Tobi and Christina left the week before last back to Germany where they are working on a free range rabbit farm called Mobihasy, rearing rabbits and developing their own buildings and management systems for the operation. Good luck with your project guys and thanks for your help in the gardens.

So here’s what we’ve been up to in the gardens.

Green Manure Trials

Introduction – This spring we started a Green Manure/Cover Crop Trial,  a very simple 3 year comparative study where we sow 3 m2  patches of three different Nitrogen fixing ground covers

The species and quantity of seed used for each patch is as follows
Onobrychis viciifolia – Sainfoin – 55 g (husked seed)
The idea is to look at how fast each species takes to provide cover, how well each species prevents volunteer plants from establishing , the quantity of biomass produced and how attractive each patch is to invertebrate wildlife in the gardens.
The Trial  – The seed was sown in the first week of April. None of the patches were irrigated or weeded and the first cut is made in the second week of July with the second cut made in the last week of September. The July and September cuts will be repeated for the following 2 years.
The below photos were taken 7 days after sowing – The Onobrychis viciifolia – Sainfoin had not germinated. The Trifolium repens – White Clover  germination rates were highest and provided the most cover. Medicago sativa – Alfalfa/Lucerne germinated but at a lower rate than the clover.

In July we undertake 5 simple tests.
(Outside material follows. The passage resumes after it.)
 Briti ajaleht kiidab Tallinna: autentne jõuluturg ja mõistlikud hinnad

Weather conditions on the day of the tests are recorded (see below)

  • Ground Cover – estimation of how much of the bare soil is covered in each patch
  • Volunteer Plant /Green Manure  Ratio – estimate of the % of volunteer plants there are to the green manure plants in each patch
  • Canopy Obs – 5 mins observations counting the number of unique invertebrate species seen within each patch
  • Ground Obs – 5 mins observations counting the number of unique invertebrate species seen within the 30 x 30 cm quadrant placed within each patch
  • Biomass Weight (g) – Cut all vegetation (green manure and volunteer plants) to ground level and record weight of biomass
The below photos are taken just before the July cut –  only a few Onobrychis viciifolia – Sainfoin plants established with the vast majority of vegetation you can see in the below photo being volunteer weeds. Trifolium repens – White Clover provided the most thorough cover growing approx. 20 cm high and a few volunteer plants can be found growing through the cover.  Medicago sativa – Alfalfa/Lucerne provided decent cover with more volunteer plants growing among the cover and had reached approx 50 cm tall.
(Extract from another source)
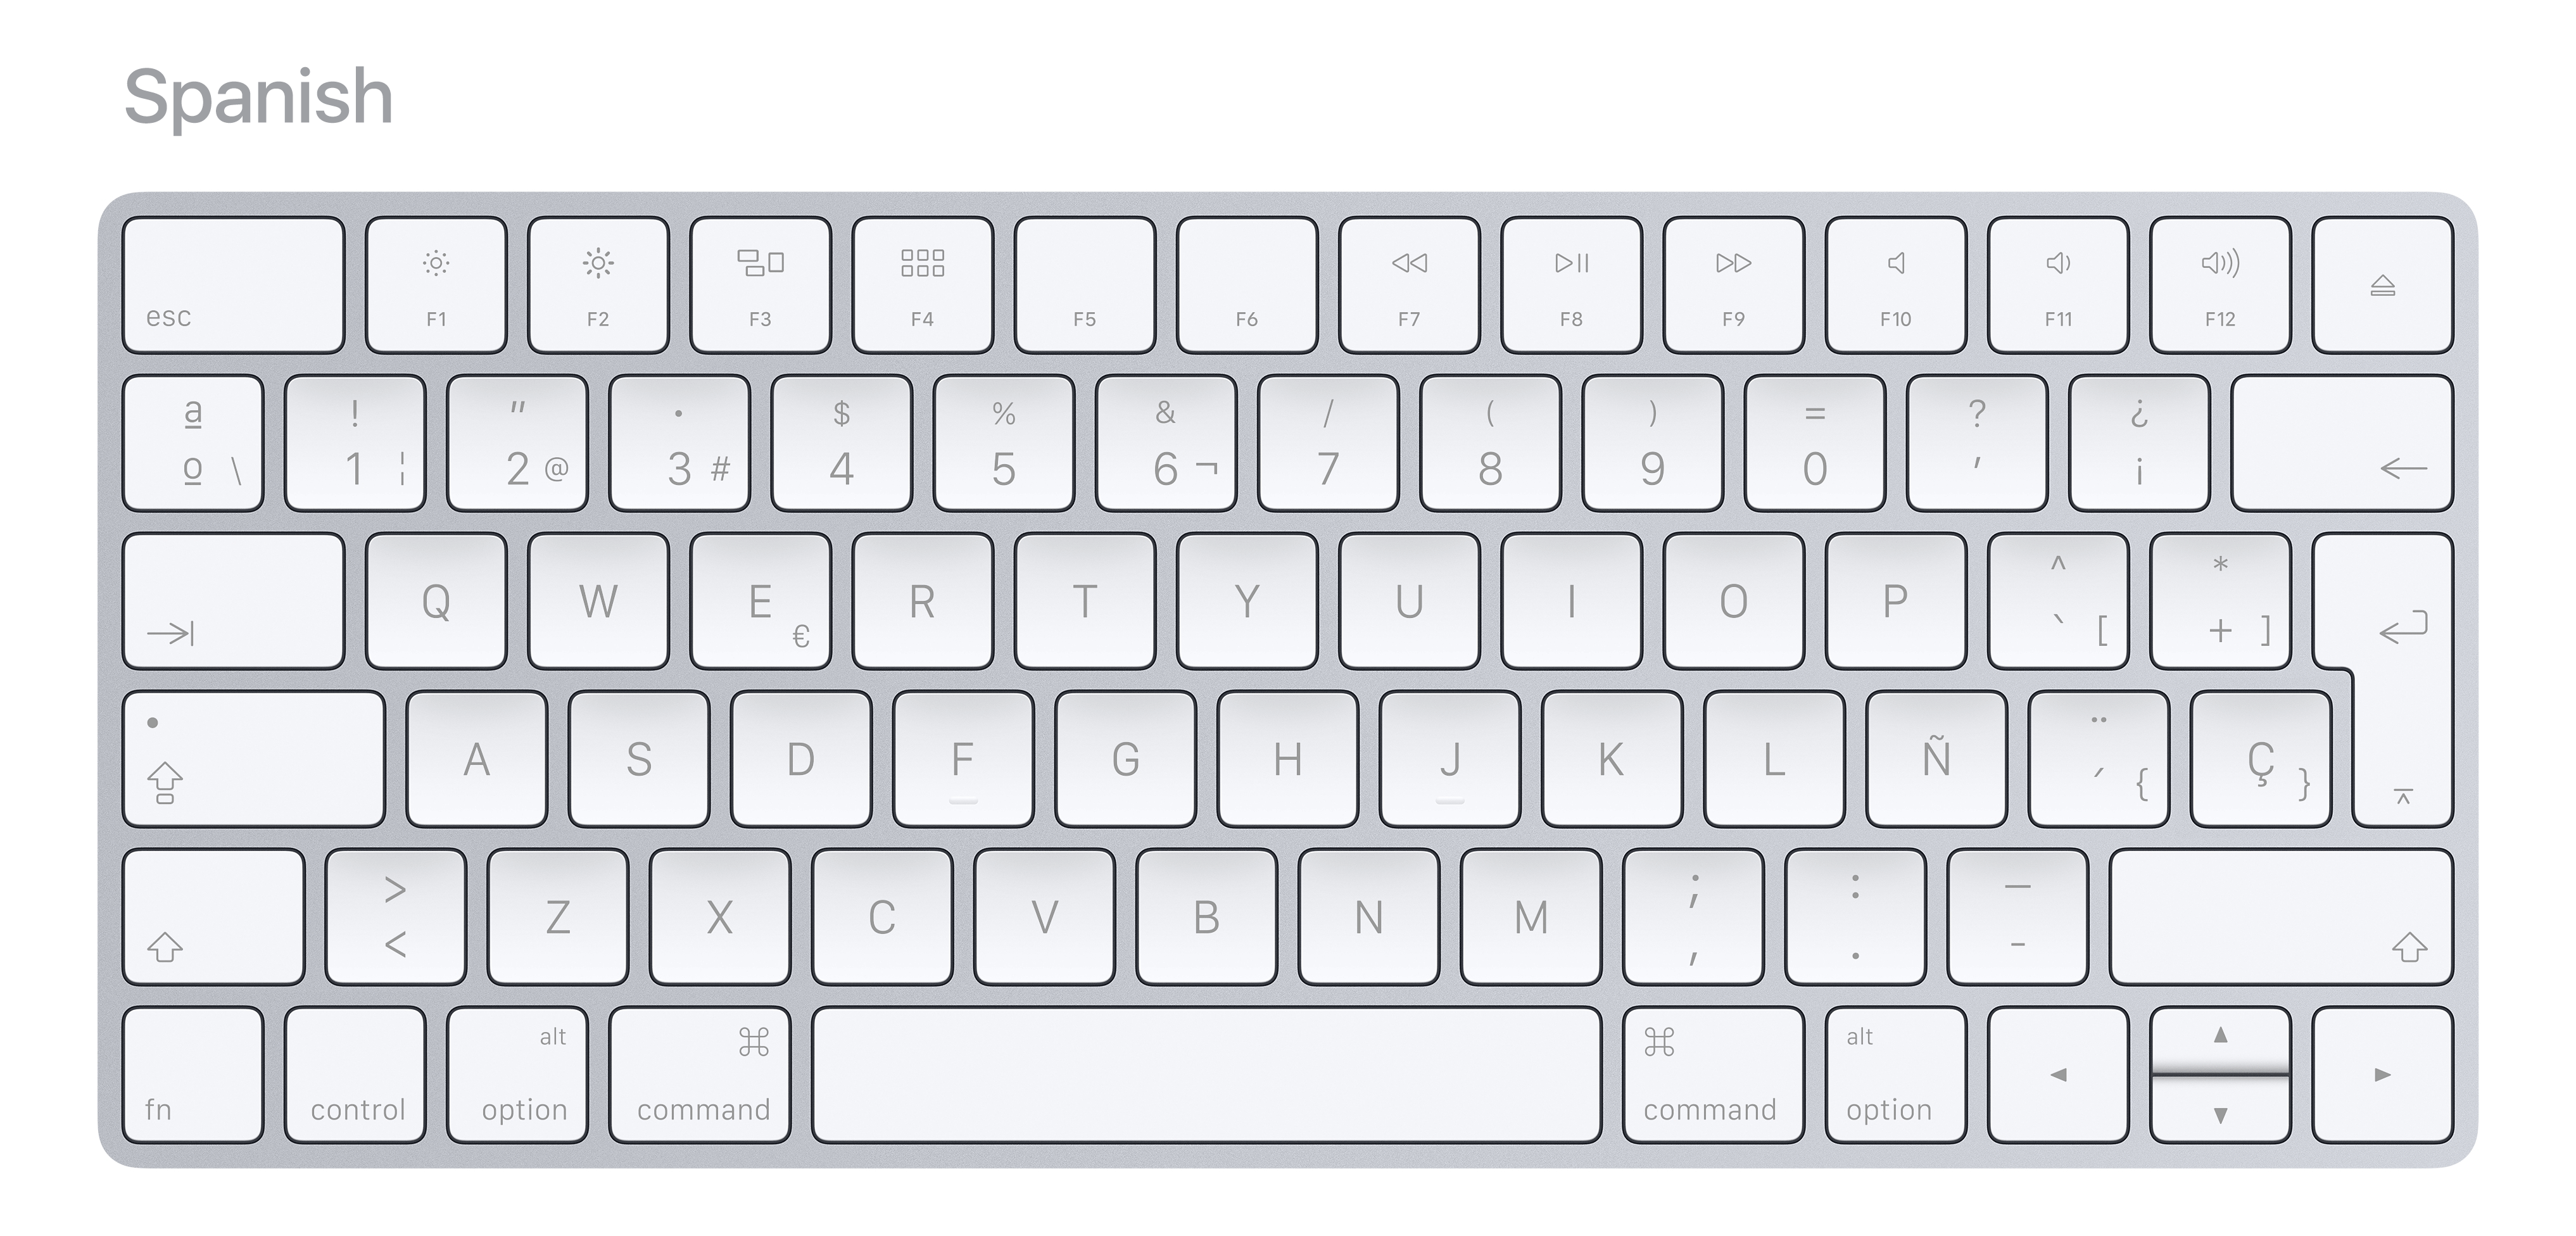 international-keyboard-layouts-in-2017-by-marcin-wichary-medium

Here are Christina, Tobi and Shahara taking 5 minute observations of  invertebrate life in the vegetation canopy and 5 minute observation of invertebrate activity in a 30 x 30 cm quadrant.Lea is on the right keeping records. The number of unique species are counted. We do not identify the species nor do we count the number of the same species within each patch.
This isolated observation test is not very useful and in the future we will undertake the obs tests everyday for 2 weeks prior to cutting and average the data to getting a better impression of invertebrate diversity within each patch.
Here are some common invertebrates from the gardens.
We cut down the vegetation to just above ground level with a machete and scythe and weighed the total biomass (including volunteer plants). The cuttings were used to mulch the annual vegetable beds nearby.  Here is Tobi cutting the Alfalfa biomass to ground level with the machete.
The Results 
Weather Conditions
Date – 16/07/19
Time – 11.30 a.m
Temp – 22° C
Weather – Bright and Sunny
Other – Ground well soaked from recent rainfall
A – Trifolium repens – White Clover
Tests
Year 1
1st Cut – 16.07.19
Ground Cover 95%
Volunteer Plant /Green Manure Ratio 20%
Canopy Obs 13
Ground Obs 9
Biomass Weight (g) 4225
B – Onobrychis viciifolia – Sainfoin
Ground Cover 70%
Volunteer Plant /Green Manure Ratio 98%
Canopy Obs 8
Ground Obs 10
Biomass Weight (g) 3585
C – Medicago sativa – Alfalfa/Lucerne
Ground Cover 80%
Volunteer Plant /Green Manure Ratio 30%
Canopy Obs 14
Ground Obs 10
Biomass Weight (g) 2985

 

The results from the first set of tests showed clearly that Trifolium repens – White Clover produced the most biomass and provided the best cover. Very few Onobrychis viciifolia – Sainfoin seeds germinated. This could be because we used husked seed or perhaps the seed was not sown deep enough. The Onobrychis viciifolia – Sainfoin patch was 98% volunteer plants so this plot provided a good example of how the wild vegetation compared to the two other species. It’s worth noting that in terms of biomass weight the wild volunteer plants provided more than the Alfalfa but not as high as the White Clover.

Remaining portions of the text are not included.